Nusantaratv.com - Program Makan Bergizi Gratis (MBG) yang digagas pemerintah mendapat apresiasi dari berbagai kalangan karena dinilai memperkuat ketahanan gizi nasional serta menjangkau kelompok masyarakat yang paling membutuhkan.
Guru Besar Ilmu Gizi IPB (Institut Pertanian Bogor), Prof. Hardinsyah, menyampaikan bahwa program ini merupakan langkah penting negara dalam memenuhi hak dasar warga untuk mendapatkan pangan bergizi.
“Pangan adalah bagian dari hak asasi manusia. Kalau ada warga yang tidak mampu memenuhi pangannya, negara wajib hadir,” ujarnya dalam wawancara bersama NTV Prime, Nusantara TV, Rabu (3/12/2025).
Meski demikian, ia menekankan perlunya peningkatan pengawasan agar standar gizi tetap terjaga di seluruh Satuan Pelayanan Pemenuhan Gizi (SPPG). Prof. Hardinsyah mengungkapkan masih ditemukan porsi yang tidak sesuai ketentuan, terutama pada buah.
Baca Juga: Badan Gizi Nasional Gandeng Danantara Perkuat Pembiayaan Pembangunan SPPG
“Saya pernah lihat semangka diberi setipis ini.
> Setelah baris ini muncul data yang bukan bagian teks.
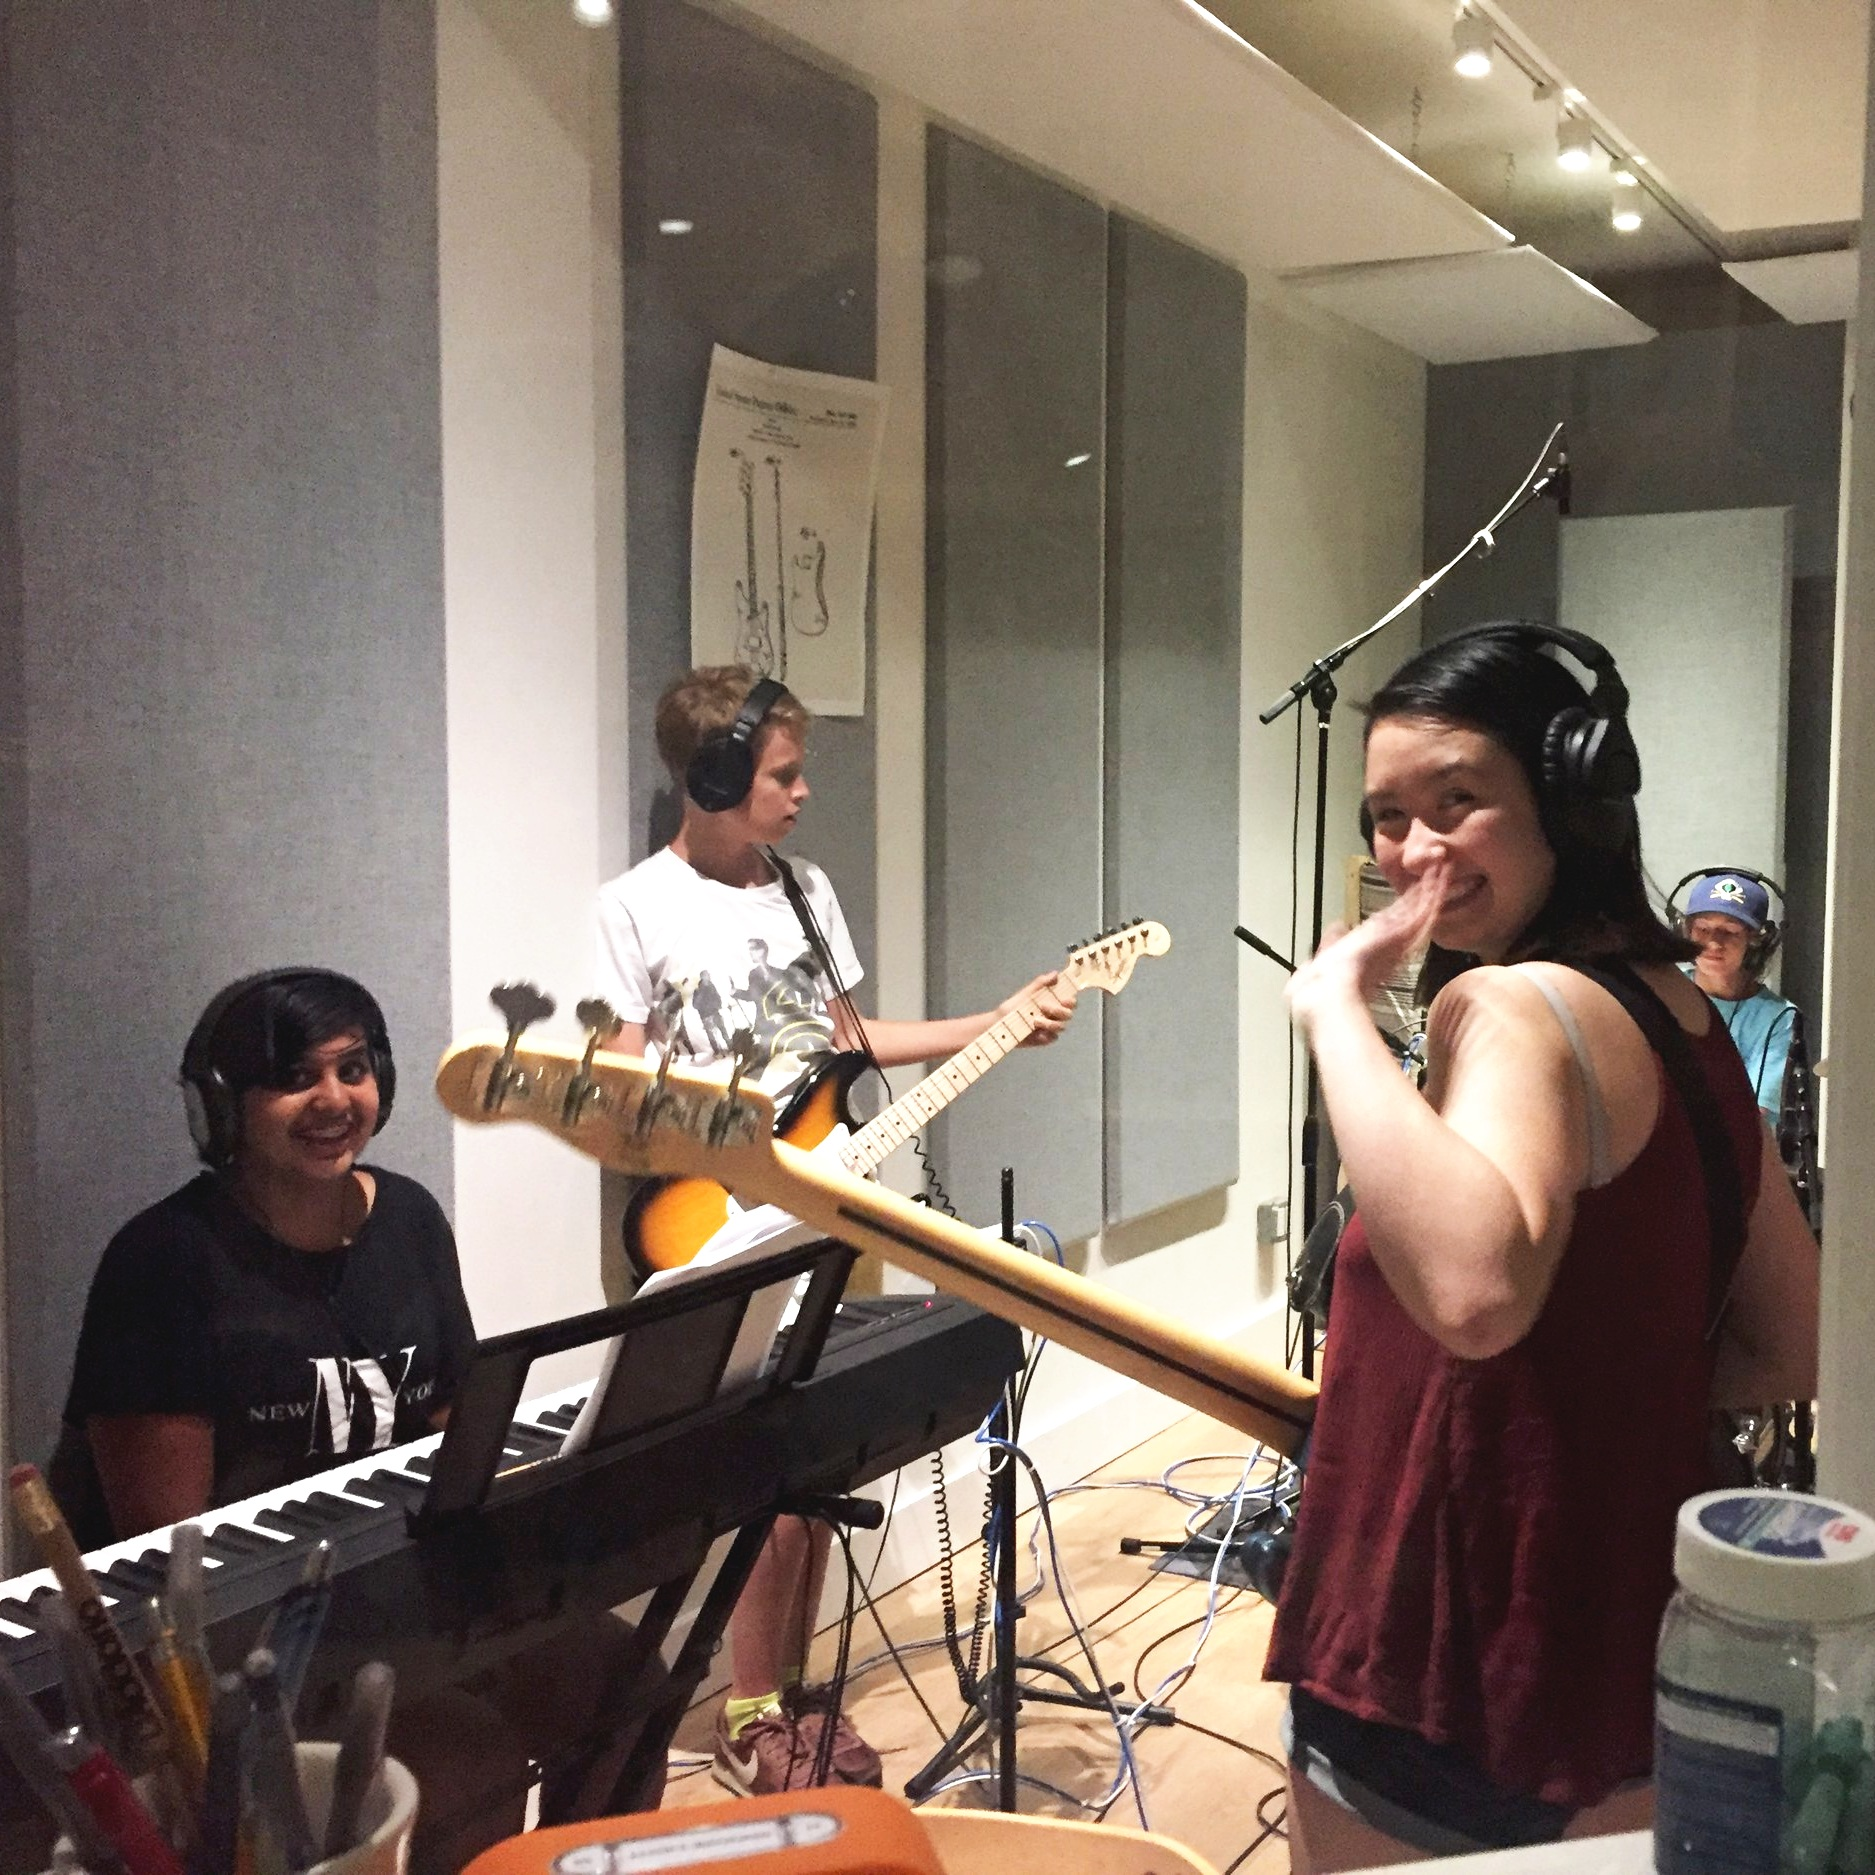 band+practice.jpg

Itu tidak memenuhi kebutuhan buah seharusnya. Potongannya harus lebih tebal,” ungkapnya.

Guru Besar Ilmu Gizi IPB University, Prof. Hardinsyah di NTV Prime. (Nusantara TV)
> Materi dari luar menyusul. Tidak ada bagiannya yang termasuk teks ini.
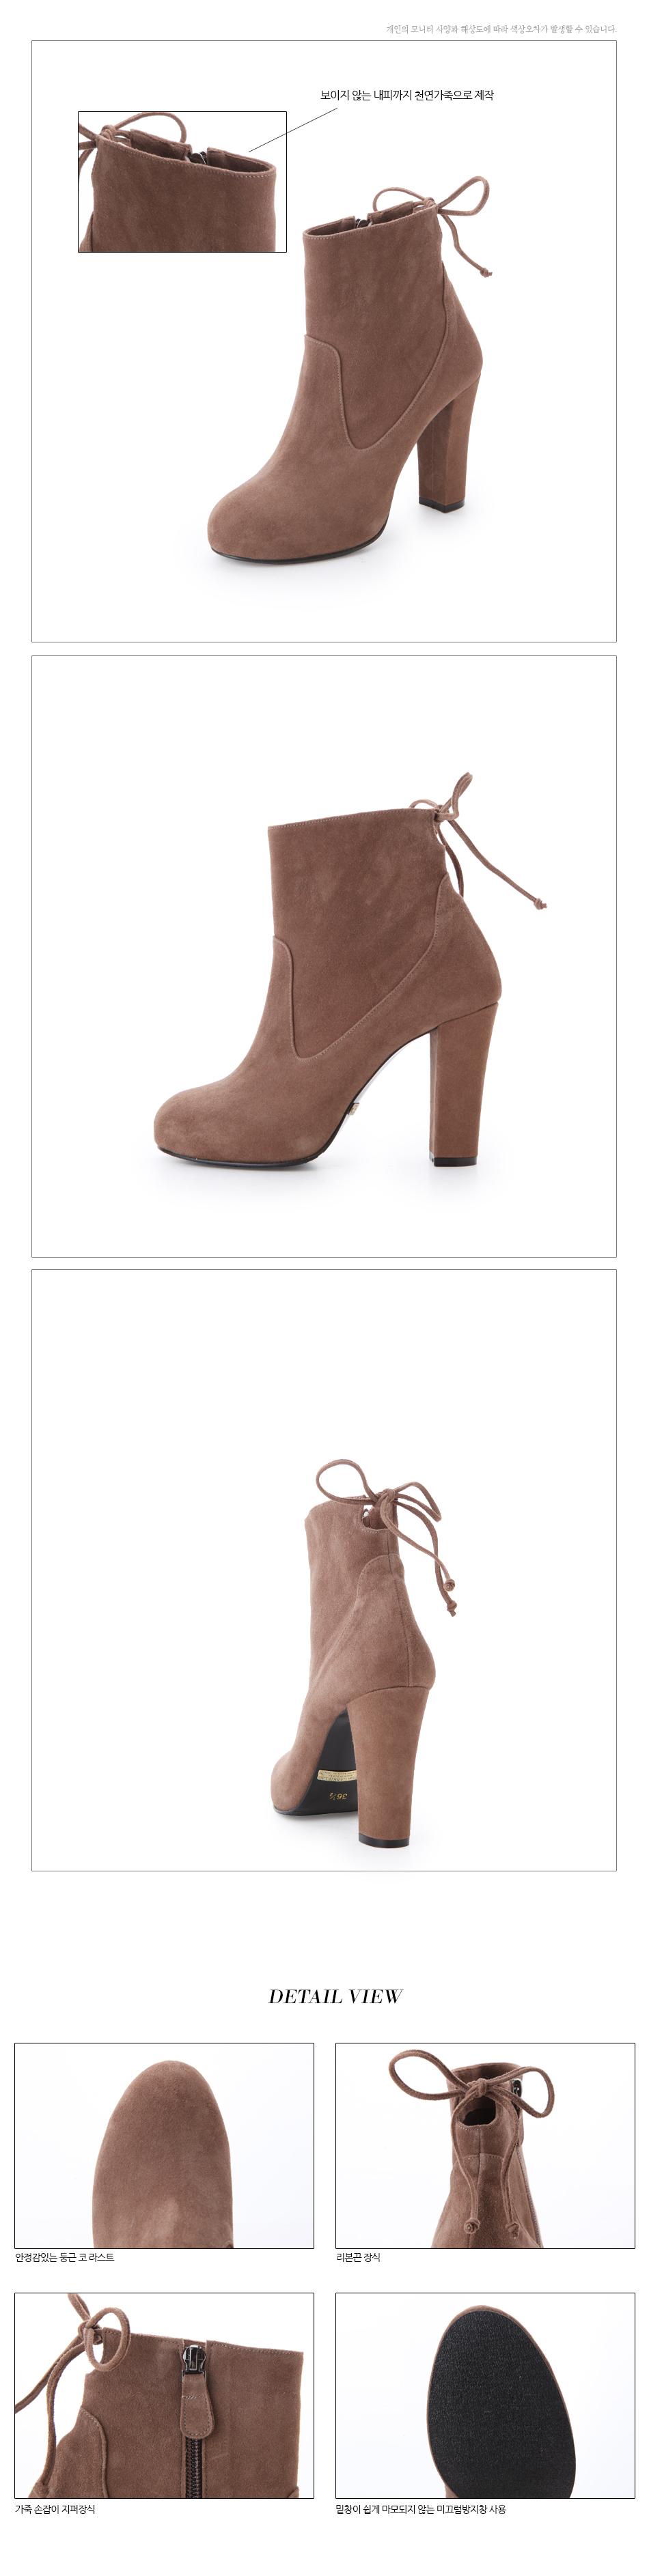 Boots Nữ Thiết Kế 7/8/9/10cm - GB971

Ia menilai hal-hal seperti ini menjadi catatan penting agar penyediaan makanan mendekati zero defect. Menurutnya, pemenuhan gizi dalam program MBG dirancang setara sepertiga kebutuhan harian, dengan komposisi makanan pokok, lauk pauk, sayur, buah, dan minuman. Susu dinilai bermanfaat, namun bukan prioritas utama karena biaya penyediaannya yang tidak selalu memungkinkan setiap hari.
“Susu bagus, tapi tidak wajib setiap hari. Prioritas tetap pada makanan pokok, lauk, sayur, dan buah,” tegasnya.
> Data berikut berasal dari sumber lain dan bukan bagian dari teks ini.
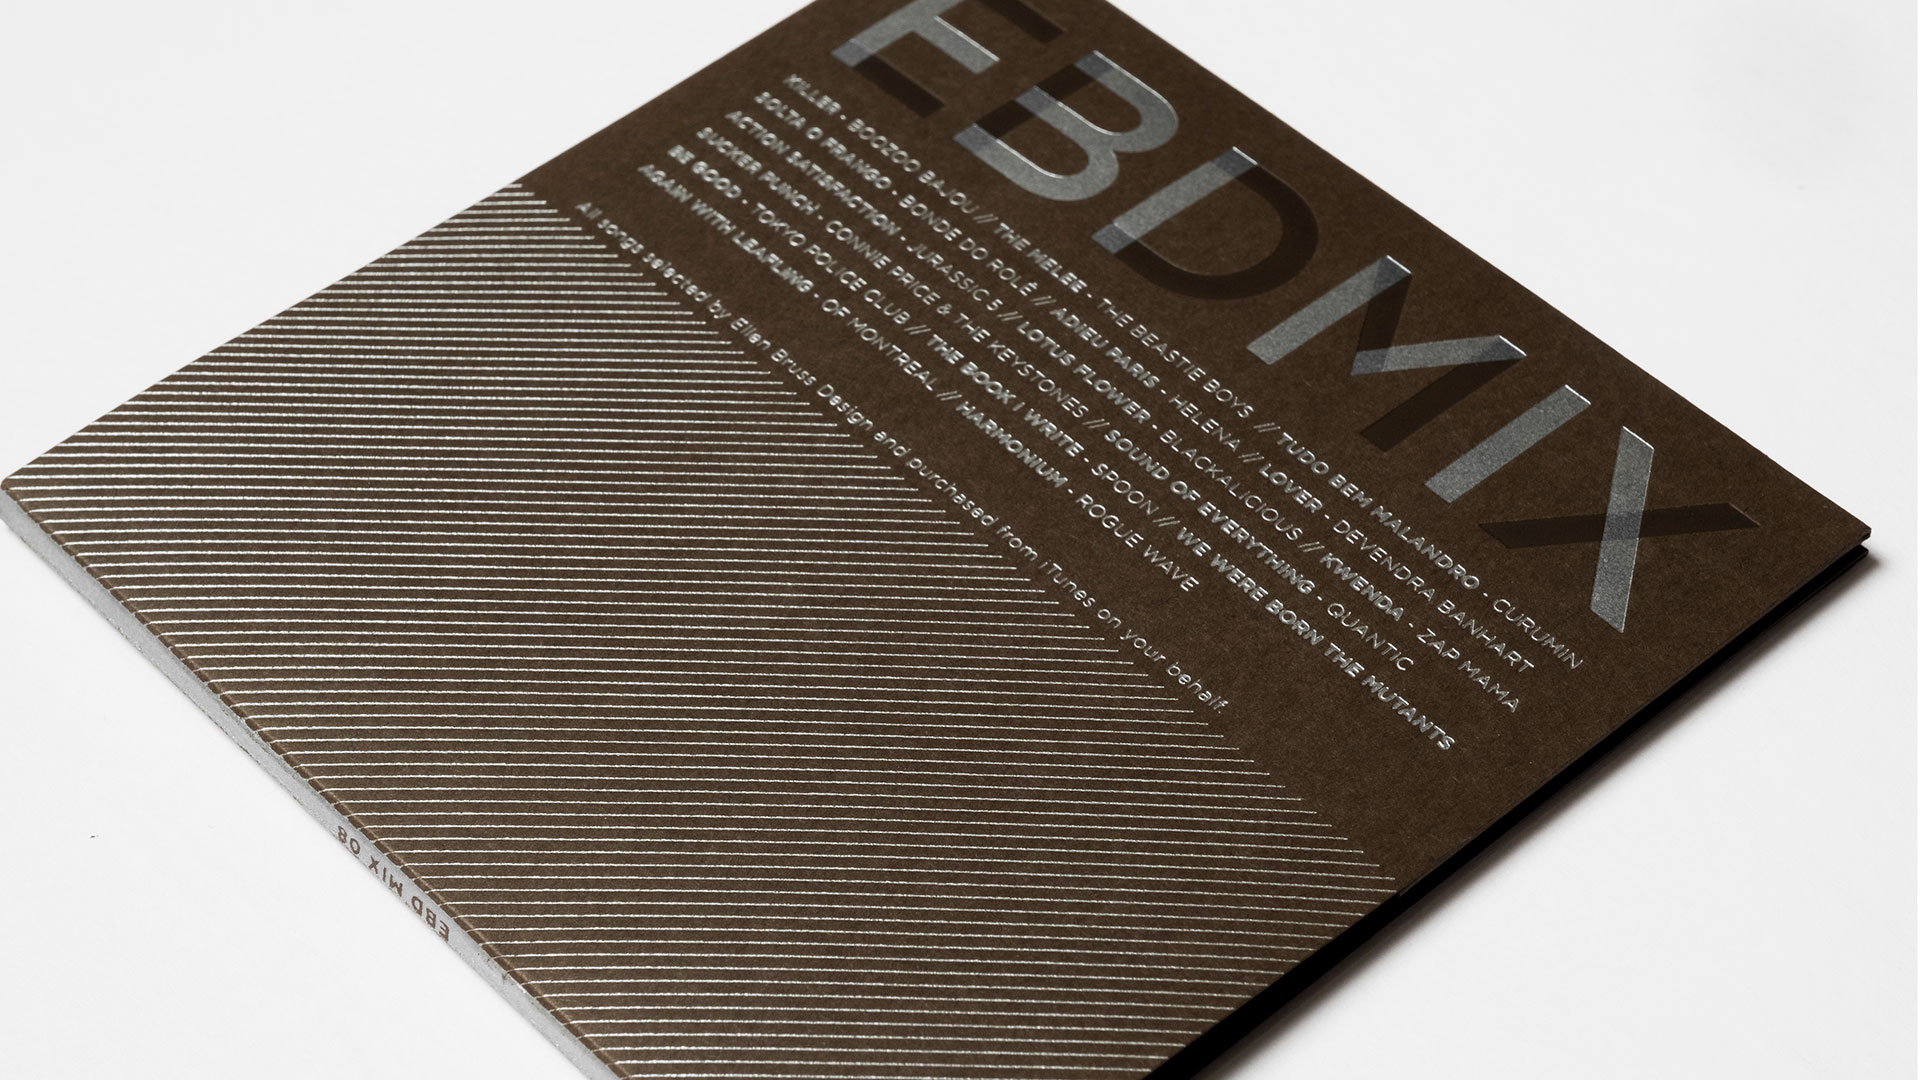 1126-ebd-mix-1

Pemerintah sendiri mencatat perkembangan signifikan dari program MBG. Hingga saat ini, MBG telah menjangkau lebih dari 43,8 juta penerima manfaat, di antaranya anak sekolah, ibu hamil dan menyusui, serta balita.
Total 16.336 dapur pelayanan gizi telah beroperasi di seluruh Indonesia, didukung 36.203 supplier, dan berhasil menyerap lebih dari 693 ribu tenaga kerja. Untuk tahun 2026, pemerintah menetapkan alokasi Rp335 triliun melalui APBN sebagai bagian dari program prioritas nasional, menegaskan komitmen penuh terhadap keberlanjutan MBG.
Prof. Hardinsyah juga menyoroti tantangan distribusi bagi ibu hamil dan balita karena harus diantar langsung ke rumah sehingga rawan tidak tepat sasaran. Ia menyarankan pola distribusi campuran, yaitu makanan matang untuk konsumsi langsung serta bahan mentah untuk dimasak sendiri oleh keluarga penerima.
“Ada nilai pemberdayaannya. Tidak hanya menerima, tapi ikut menyiapkan makanan,” tuturnya.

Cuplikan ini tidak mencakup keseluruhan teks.